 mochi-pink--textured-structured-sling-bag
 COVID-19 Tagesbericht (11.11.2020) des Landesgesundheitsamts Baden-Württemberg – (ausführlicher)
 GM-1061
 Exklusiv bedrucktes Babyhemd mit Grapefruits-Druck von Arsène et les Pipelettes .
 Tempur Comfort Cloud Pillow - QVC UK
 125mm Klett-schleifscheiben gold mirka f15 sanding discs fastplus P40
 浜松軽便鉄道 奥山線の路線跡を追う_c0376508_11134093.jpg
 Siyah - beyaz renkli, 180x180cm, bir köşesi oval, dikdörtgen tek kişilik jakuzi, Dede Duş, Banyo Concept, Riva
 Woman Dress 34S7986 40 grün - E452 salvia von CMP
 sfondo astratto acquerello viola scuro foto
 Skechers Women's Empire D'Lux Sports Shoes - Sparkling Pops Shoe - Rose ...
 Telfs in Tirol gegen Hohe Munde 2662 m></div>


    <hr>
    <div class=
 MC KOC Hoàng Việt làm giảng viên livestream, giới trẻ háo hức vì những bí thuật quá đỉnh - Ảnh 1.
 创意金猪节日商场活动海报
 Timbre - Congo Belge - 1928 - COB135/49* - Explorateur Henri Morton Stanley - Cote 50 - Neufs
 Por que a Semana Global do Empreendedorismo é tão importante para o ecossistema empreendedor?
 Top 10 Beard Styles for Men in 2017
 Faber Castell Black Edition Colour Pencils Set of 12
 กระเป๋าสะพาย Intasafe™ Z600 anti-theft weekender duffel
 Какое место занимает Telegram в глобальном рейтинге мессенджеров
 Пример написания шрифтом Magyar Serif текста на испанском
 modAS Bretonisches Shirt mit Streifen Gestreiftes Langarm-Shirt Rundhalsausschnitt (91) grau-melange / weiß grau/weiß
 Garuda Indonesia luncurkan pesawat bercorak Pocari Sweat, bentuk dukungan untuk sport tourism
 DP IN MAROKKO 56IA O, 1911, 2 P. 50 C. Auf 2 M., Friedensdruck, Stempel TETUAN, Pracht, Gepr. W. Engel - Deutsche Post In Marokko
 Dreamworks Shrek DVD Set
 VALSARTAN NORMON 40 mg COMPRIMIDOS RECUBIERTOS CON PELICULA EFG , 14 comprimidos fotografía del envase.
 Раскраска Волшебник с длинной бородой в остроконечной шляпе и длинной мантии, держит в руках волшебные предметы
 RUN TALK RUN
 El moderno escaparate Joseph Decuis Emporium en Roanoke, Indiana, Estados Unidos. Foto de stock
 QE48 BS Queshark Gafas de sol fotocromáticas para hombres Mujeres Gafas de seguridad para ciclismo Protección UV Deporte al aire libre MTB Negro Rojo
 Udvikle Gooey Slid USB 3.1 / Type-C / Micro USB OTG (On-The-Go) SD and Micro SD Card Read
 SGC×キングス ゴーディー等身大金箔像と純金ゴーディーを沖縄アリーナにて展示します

Work instructions – Each line from the beginning of the listing up to the line where "Woman Dress 34S7986" appears needs to be given again exactly; please add nothing else.

Answer to this exercise –
 mochi-pink--textured-structured-sling-bag
 COVID-19 Tagesbericht (11.11.2020) des Landesgesundheitsamts Baden-Württemberg – (ausführlicher)
 GM-1061
 Exklusiv bedrucktes Babyhemd mit Grapefruits-Druck von Arsène et les Pipelettes .
 Tempur Comfort Cloud Pillow - QVC UK
 125mm Klett-schleifscheiben gold mirka f15 sanding discs fastplus P40
 浜松軽便鉄道 奥山線の路線跡を追う_c0376508_11134093.jpg
 Siyah - beyaz renkli, 180x180cm, bir köşesi oval, dikdörtgen tek kişilik jakuzi, Dede Duş, Banyo Concept, Riva
 Woman Dress 34S7986 40 grün - E452 salvia von CMP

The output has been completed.